Of course, even now I’ve set the record straight, you would have to accept that all of the things I just told you are true. I know everything you ever read in the papers or see on the TV contradicts what I’m saying, but there we are.

The solutions to the REAL problems sick and disabled people face are not solutions anyone is ready to hear. The myths are so well entrenched, so commonly held, that like Oliver Twist claiming his hunger could be fixed with a little more food, I would be laughed out of town.

Sick and disabled people in the UK need much higher levels of benefit to live on if they are found incapable of working.
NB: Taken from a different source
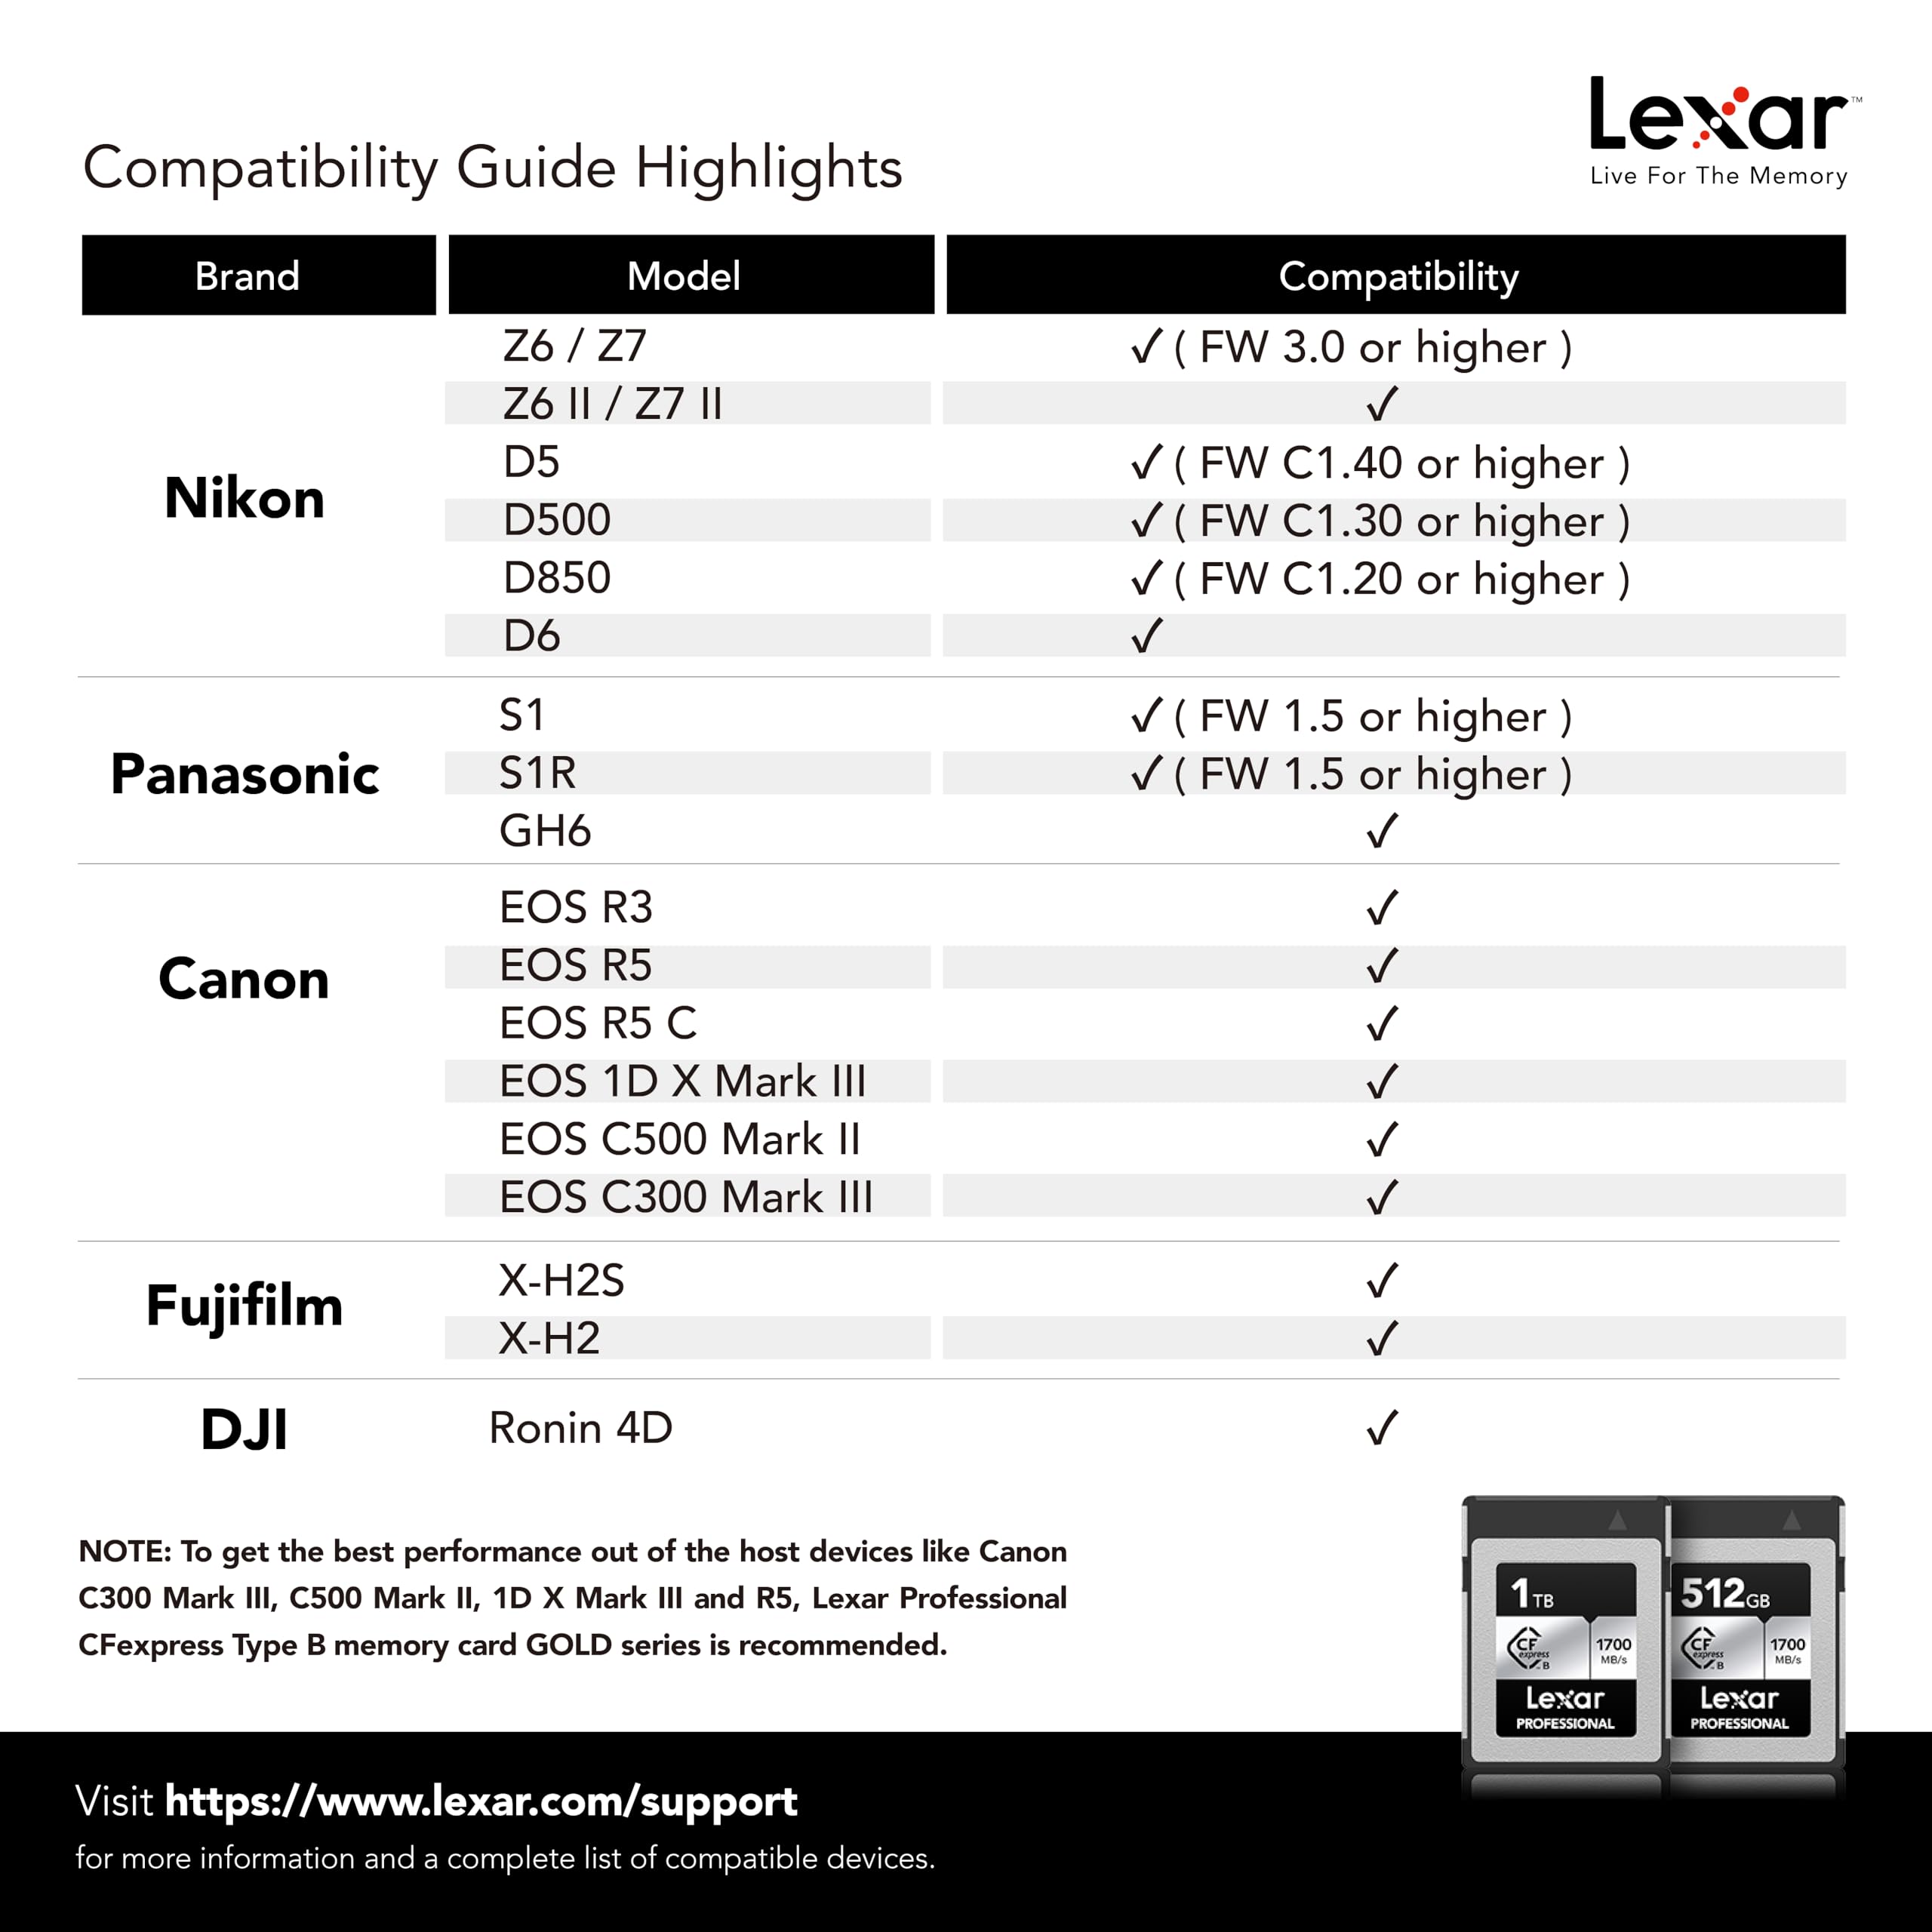 Lexar 512GB Professional Silver SE CFexpress Type B Memory Card, for Photographers, Videographers, Up to 1700/1250 MB/s, 8K Video (LCXEXSE512G-RNENU)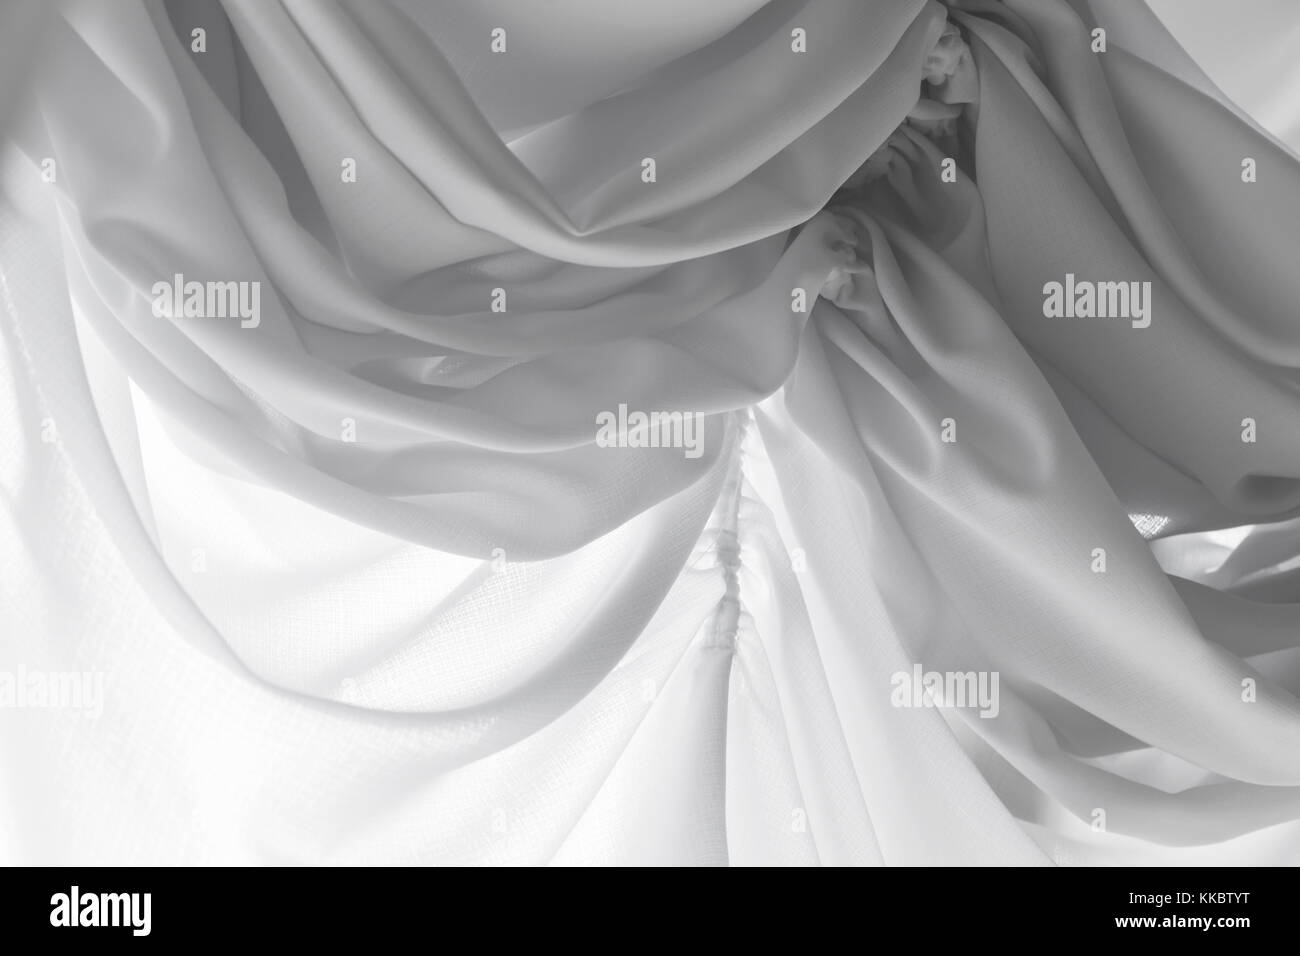 Background texture of white, airy stripes of chiffon fabric, tulle. Neutral  colors. Stock Photo by Jpavaliuk

It is a disgusting indictment of what the UK has become today that we allow people with serious and profound disabilities to sit in their own filth, go hungry and cold for want of a decent basic living standard.

Anyone who faces significant barriers to work due to a lifelong health condition or disability, needs benefits that are utterly flexible that they can take with them through a lifetime. They should be able to dip in and out of work quickly and easily with as little paperwork as possible.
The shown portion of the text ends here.